Failed deployment
It happened at my previous FinTech job. The new feature was critically important. Financial regulations required us to start screening third parties participating in transactions with our client against sanctions or PEP lists. If the person was on these lists, transactions with them as sender or beneficiary had to be investigated by Compliance. Before these new requirements we already had in place some mechanisms to block transactions for investigation, for example when a transaction amount exceeded a certain threshold.
So, one beautiful morning after development and testing were finished, a new release was rolled out and traffic started coming to the new build. Monitoring showed that API calls to a company that provides screening service were all successful, everything looked fine. However, within the hour the Compliance department raised an urgent issue – transactions that were blocked for investigation started to land on the clients' accounts! If left unresolved, that could lead to revocation of our license, so a rush began: accounts that received money in this manner were blocked, release was rolled back and transactions were manually adjusted. Quite a nervous and unpleasant day for everyone involved!

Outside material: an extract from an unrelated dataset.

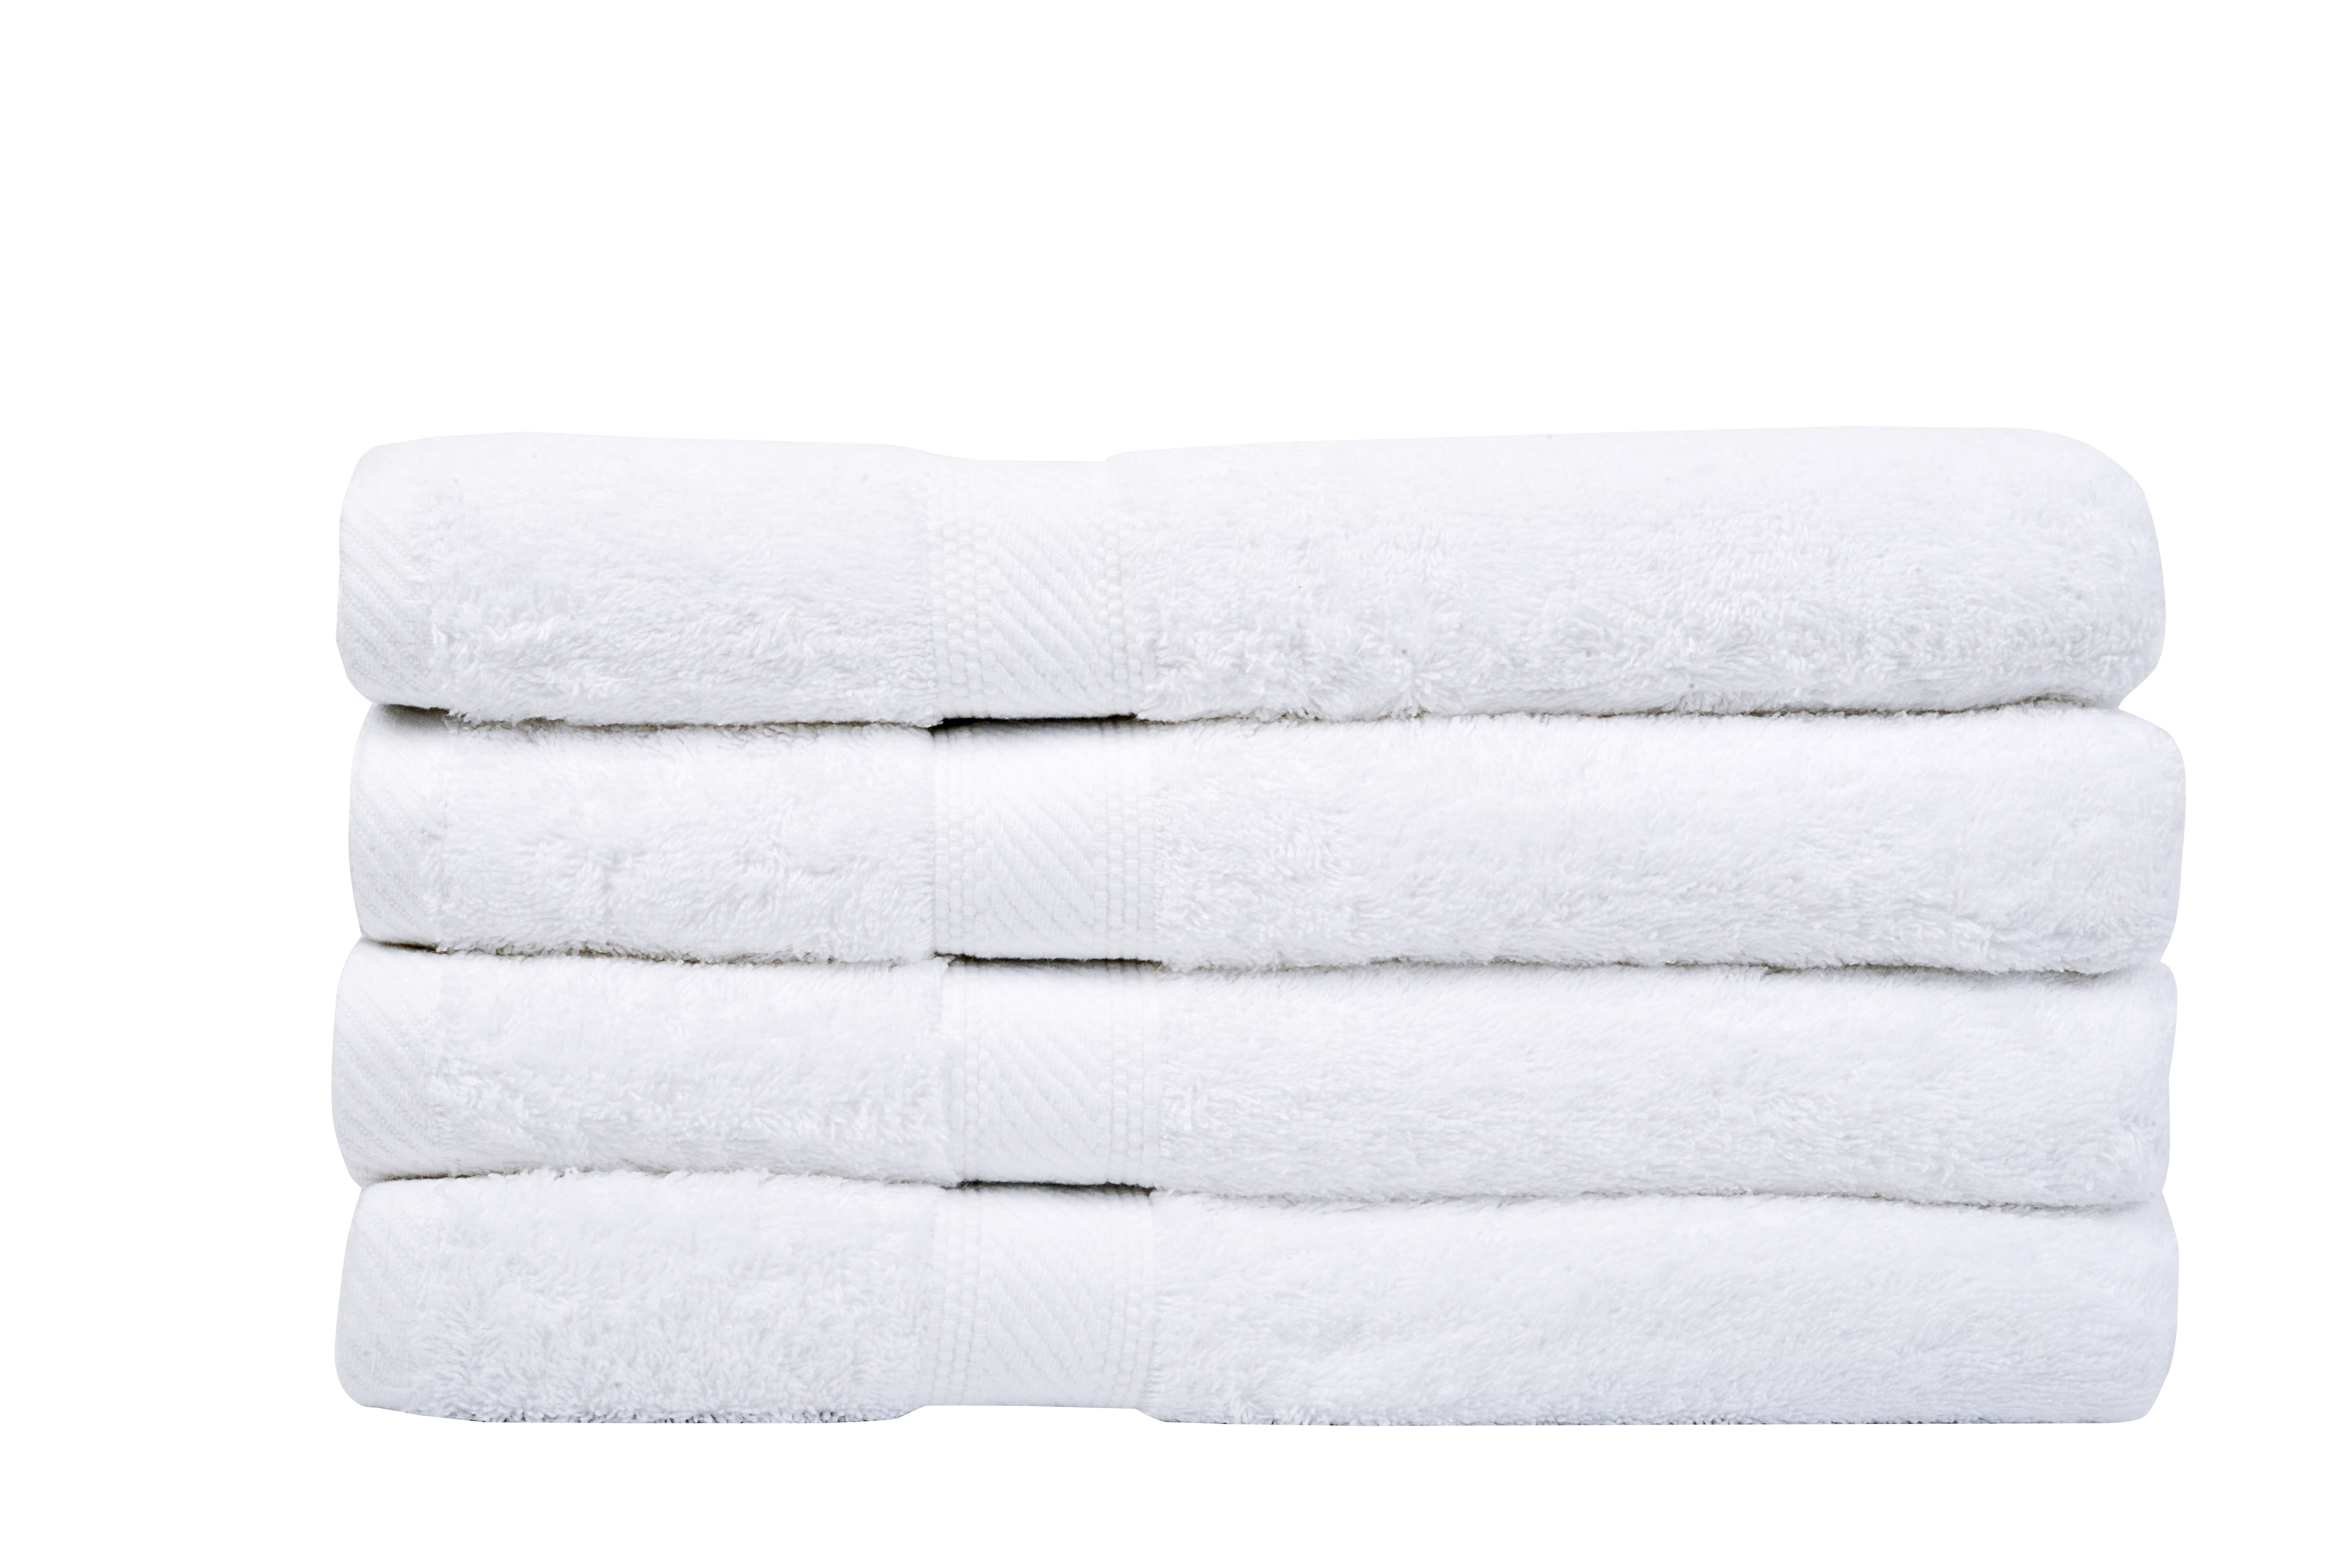 Details about   Mainstays Bath Towel 30 In x 54 In 100% Cotton White

Let’s dig to the roots of the problem
How did it happen? We had automatic tests, code reviews, sandbox testing… let’s take a look at the code of the business logic. Disclaimer: real code is proprietary, so I will show some pseudocode that looks approximately the same but does not represent all of the real procedures. So here’s the high-level implementation of the process of initiation of a payout.
seqAnd(
createTransaction(),
label(“CollectData”),
displayPage(“CollectPayoutData”),
when(
seqAnd(
not(processHasAttribute(“Admin”)),
not(productFlagIsSet(“NoOtpConfirmation”)))
).then(
sendOtpSms(),
displayPage(“EnterOtp”).onError(reset(“CollectData”))
),
unloadAccount(),
when(
volatile(
pepSanctionsScreening())
).then(
enqueueApprovalRequest(),
displayPage(“ComplianceCheck”)
),
when(
transactionHasStatus(“ToBeRejected”)
).then(
loadAccount(),
failure()
),
initiateTransfer(),
…
If your impression was: “What the hell is going on here?”, then we are on the same page, this is how I felt all the time while working with this code.
This example shows that in order to describe the business logic a DSL was created. This DSL could control both backend operations and display of UI pages. Backend was written in C++, frontend was a web-UI with pages generated by the Bottle framework, written in Python. A business process written in this DSL was called an “Algorithm”. Every step of an “Algorithm” was an instance of a polymorphic class. Base interface of this class included methods: start()
to invoke a function, stored in the instance, getNextSteps()
to, who could have guessed, calculate next step (a key method for a flow control operator) and getState()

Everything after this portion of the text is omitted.